Offering high rates can also trigger unwelcome attention from regulators. Some regulators have told community banks that the deposits they collect through a digital-only bank won’t get classified as core deposits, said Chris DeCresce, a banking attorney at Covington & Burling. That means those deposits won’t provide as much benefit to a bank’s capital ratios.
“Regulators are concerned that if you price these high enough, and then JPMorgan or [Citigroup] raise their rates high enough, the community bank is going to lose all their digital deposits,” DeCresce said.
Regulators may also be concerned that a community bank that has suddenly expanded to a national platform has not implemented the necessary know-your-customer requirements, said Cliff Stanford, a banking attorney at Alston & Bird.
“There is at least a question around, do you know the source of these deposits?” Stanford said.
Other regulatory considerations come into play.

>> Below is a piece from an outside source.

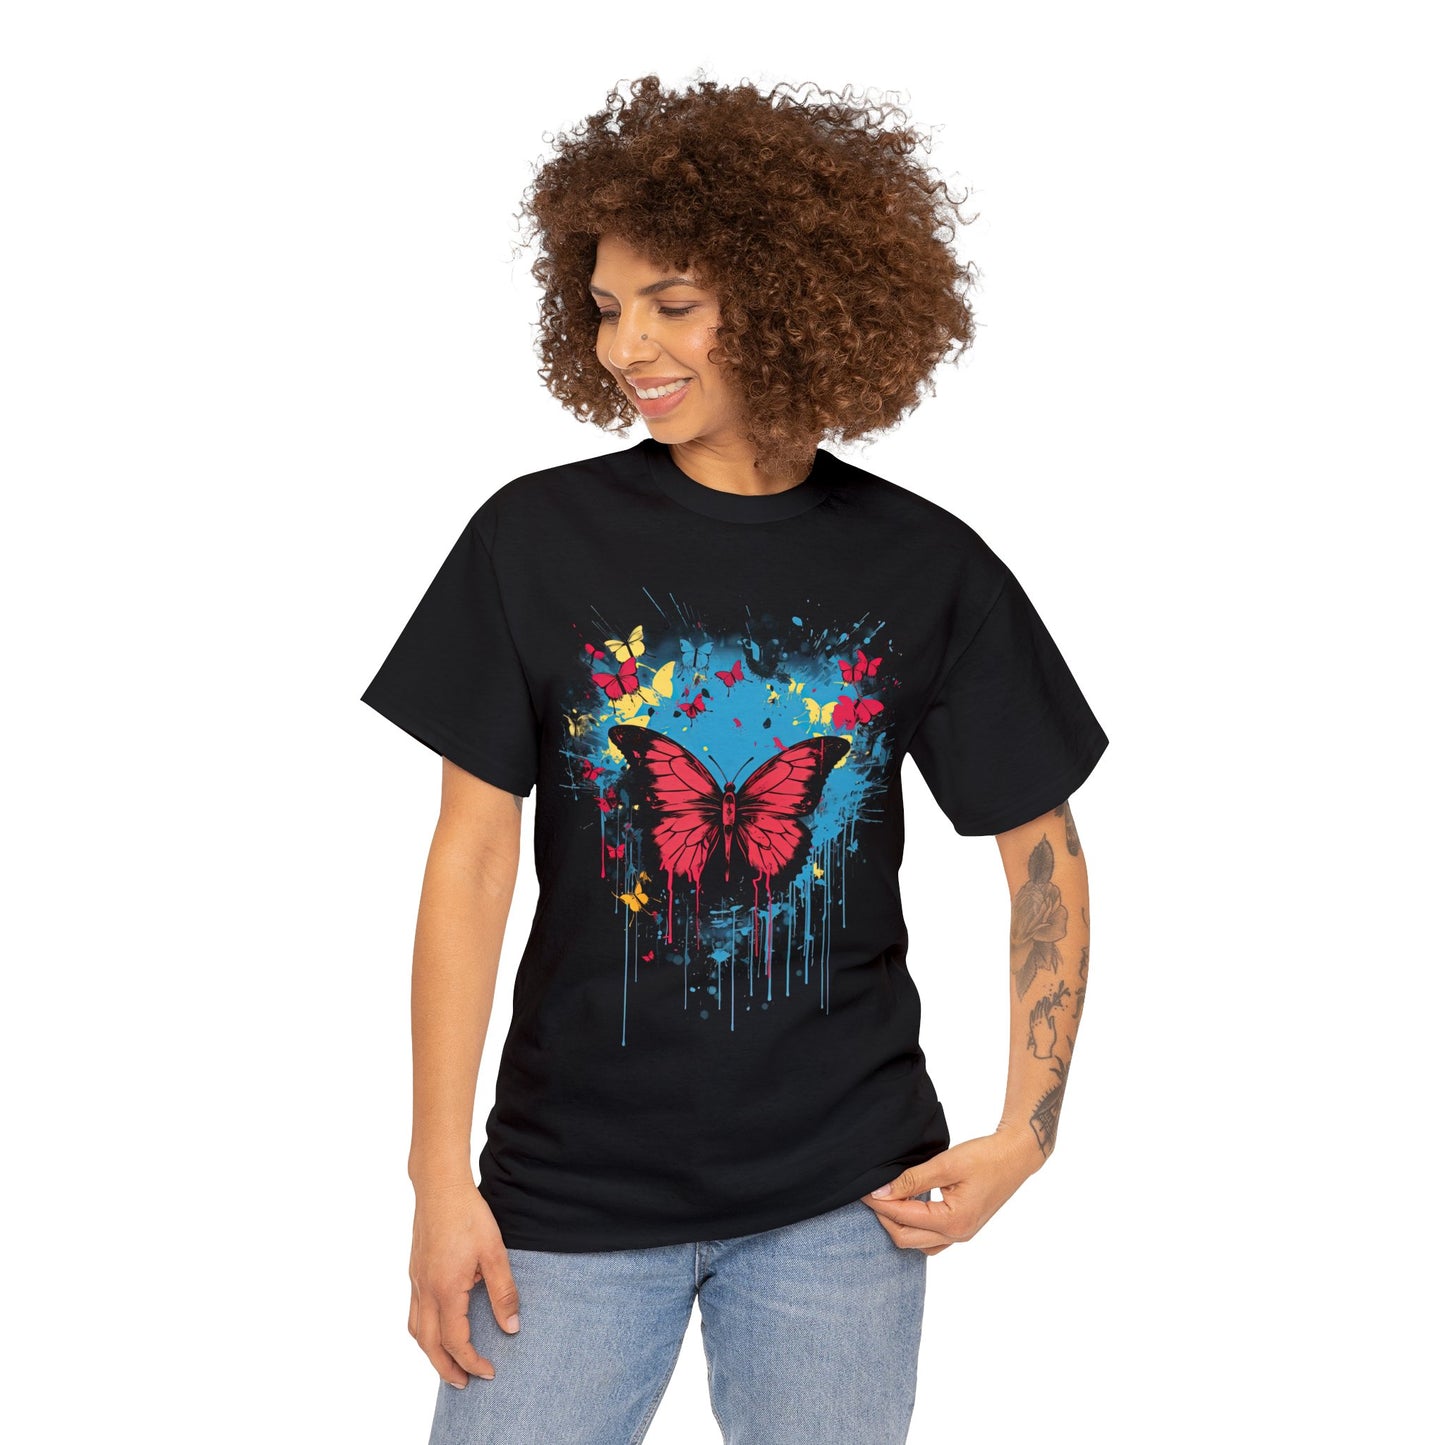 Butterfly Paint Colorful Graphic Design Tee

Digital-only banks must follow the same fair-lending standards as a physical branch. But an online or mobile channel can introduce unintended consequences, Stanford said.
“You need to be careful in thinking about your credit models and who has access to the digital banking product,” Stanford said.
Some vendors’ technology products address those concerns. Fiserv’s OpenNow/FundNow product includes tools to comply with KYC and anti-money-laundering regulations, said Whitney Stewart, senior vice president of e-payments product management.
“It helps you do background checks and it also helps the customer digitally fund their account,” she said.
But regulators may also take notice if an increasing number of banks introduce digital-only products due to systemic risk concerns, Stanford said. Regulators may pursue the same thinking as when the Financial Stability Oversight Council in 2016 said marketplace lending and distributed ledger technology were new sources of risk to the financial system.
“The more that banks pile into this space [of digital-only banking], the more the profile rises in terms of systemic concerns,” Stanford said. “It’s just like the run-up to the financial crisis, where everyone’s business model was the same and everyone was chasing the same thing.”
Even with all of these concerns, many community banks are seriously exploring digital-only banks and most should be able to operate them successfully, Stewart said. They just need to think about how they’ll handle the new issues that are raised by digital-only businesses.
“There are nuances that have to be thought through,” she said. “The nice thing about having branches is that they’re always your safety net. When a customer has problems, they can always go to a branch. What happens if your digital client gets stuck and they don’t have a branch to go to?”
Stacey Zengel, the president of the banking division at Jack Henry & Associates, said he thinks it’s possible for these institutions to succeed even in a crowded field.
“I believe there are ways to get noticed other than rate,” Zengel said. “You can bundle other products into their account structure, for example. Yes, it’s a supply and demand issue. But it’s really a choice about who you want to do business with.”